Some of the 15 passengers on board the balloon were confused over the correct position to adopt during the emergency landing. Not being in the correct position when the balloon hit the ground probably contributed to the severity of some injuries, investigators found. While some passengers received a safety briefing before boarding the balloon, it was ‘not effective’ in ensuring all passengers understood the position to adopt during an emergency landing.

Two passengers did not speak English and the normal post-boarding briefing was not conducted. ‘There are some important safety lessons from this accident,’ ATSB executive director of transport safety Patrick Hornby said. ‘It is good practice to ensure that all passengers know what they need to do after they have boarded the basket, including what they need to do in an emergency situation. Passengers need reminders.’

A glitch in the Bureau of Meteorology (BOM) system meant that an updated weather briefing wasn’t uploaded onto the BOM’s automated phone service, so the pilot was unaware of a wind change due later that morning. The Bureau of Meteorology has updated its systems following the accident to ensure pilots have access to the best information. The balloon operator has introduced new procedures which mean passengers must demonstrate the emergency landing position after boarding the aircraft.

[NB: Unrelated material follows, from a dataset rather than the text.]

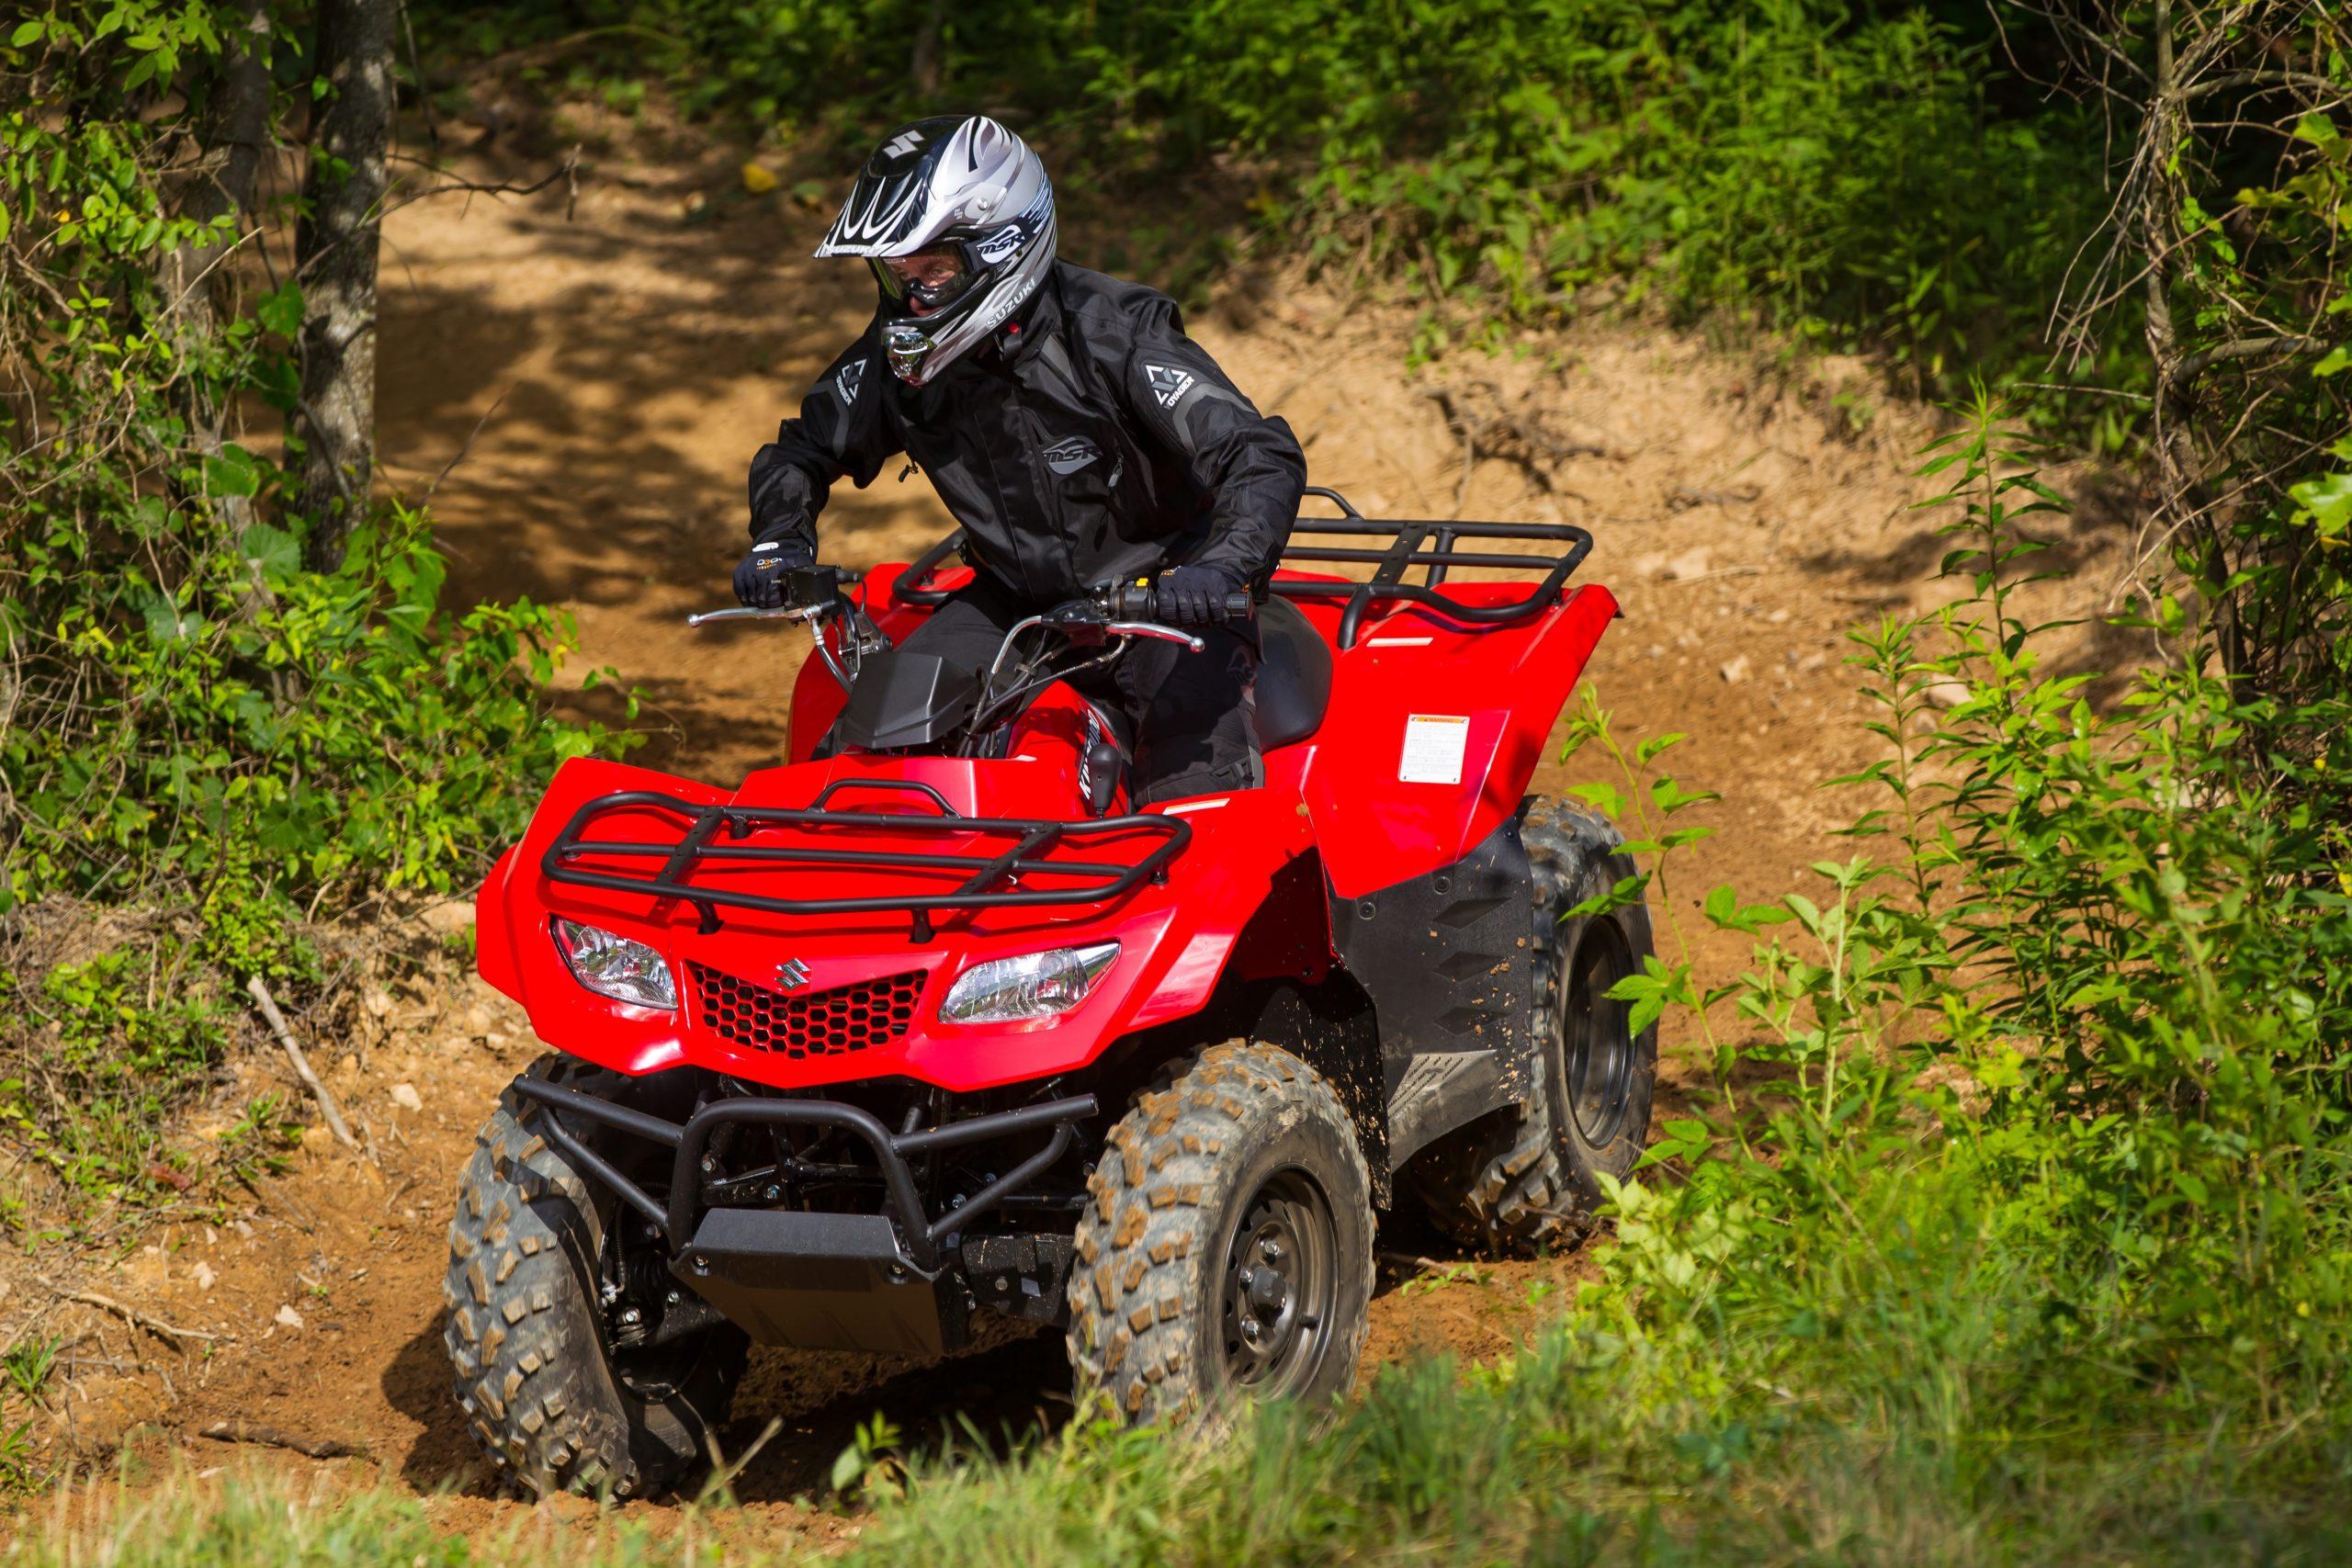 ATV-KINGQUAD-400-SUZUKI-RED-DOWNHILL

CASA recently published a cabin safety bulletin on the importance of passenger briefings for operations without cabin crew. It provides guidance on how to conduct a briefing to increase passenger situational awareness and shows how adequately briefed passengers, who understand how to help themselves, will assist in emergency situations.

 

5 COMMENTS

  1. I agree better briefings with demonstrations would help but this aviation activity is at the high end of the risk factor scale I reckon, easy to mitigate that, don’t do it!

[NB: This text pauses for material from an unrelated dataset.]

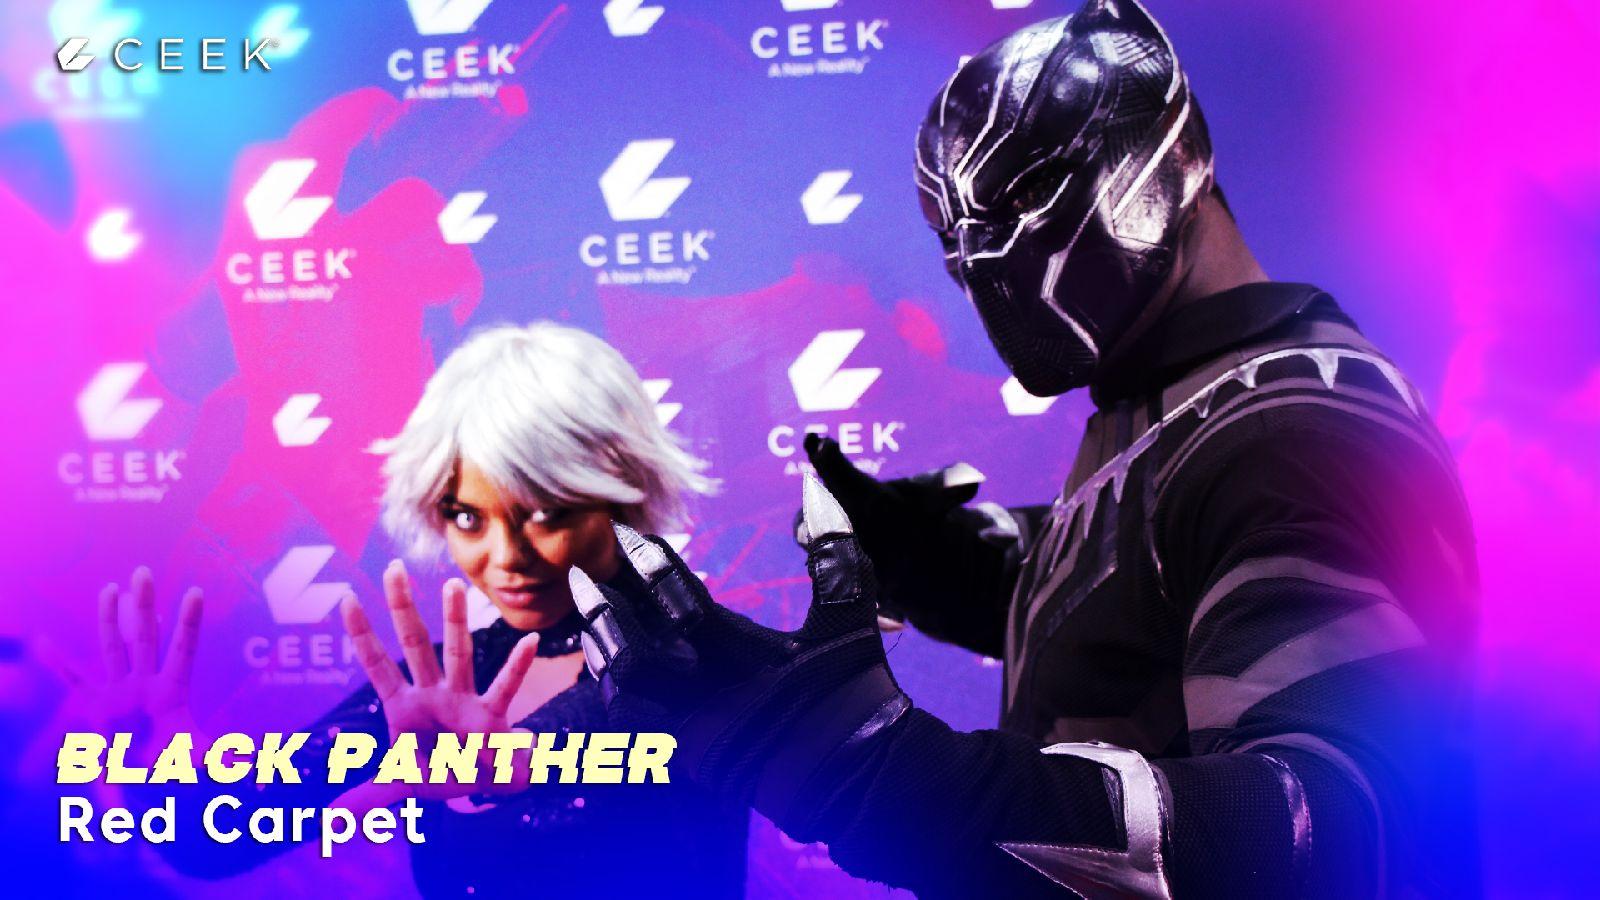 Black Panther - Red Carpet

  2. This doesn’t send a good message.
    Blaming the crew instead of the BOM.
    So called “staff writers” need to get another job.
    Even if passengers did understand english, they would probably ignore instructions and panic, and probably interfere with the crew/pilot.

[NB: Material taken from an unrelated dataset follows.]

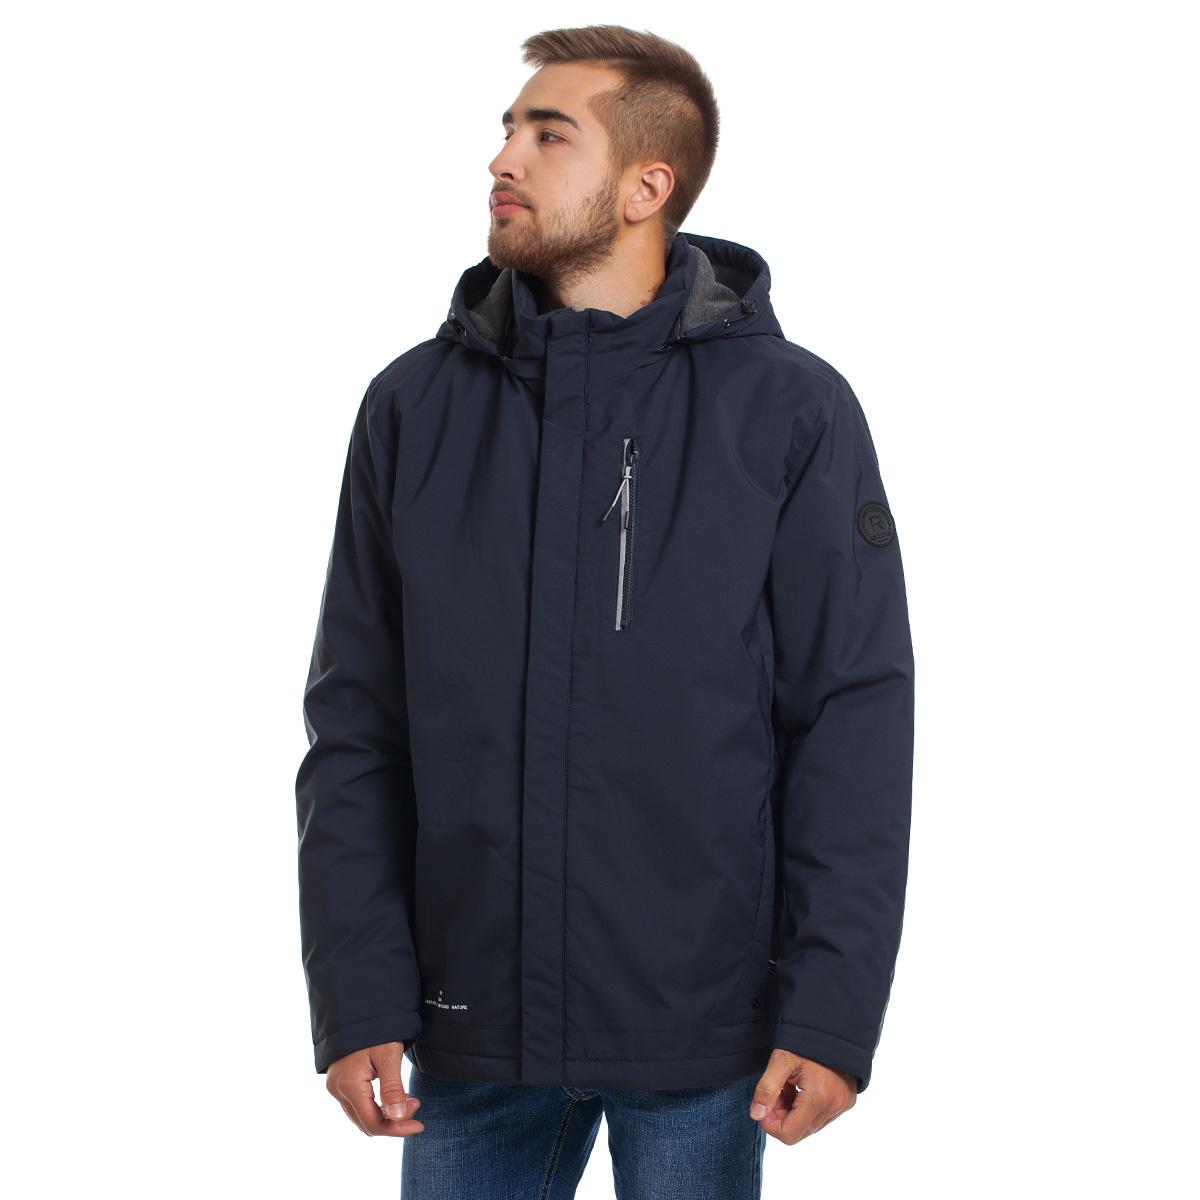 Куртка демисезонная Remain, 8377-1

  3. Safety briefings were drummed into me by past instructors. Comprehension on the passengers behalf is another matter that is so important. Flying as a passenger in jets commercially, I question whether the new wave of entertainment safety briefings delivers accurate information to the passengers. It is good the balloon incident brought on some improvement in that space, it should provoke some thought for commercial carriers.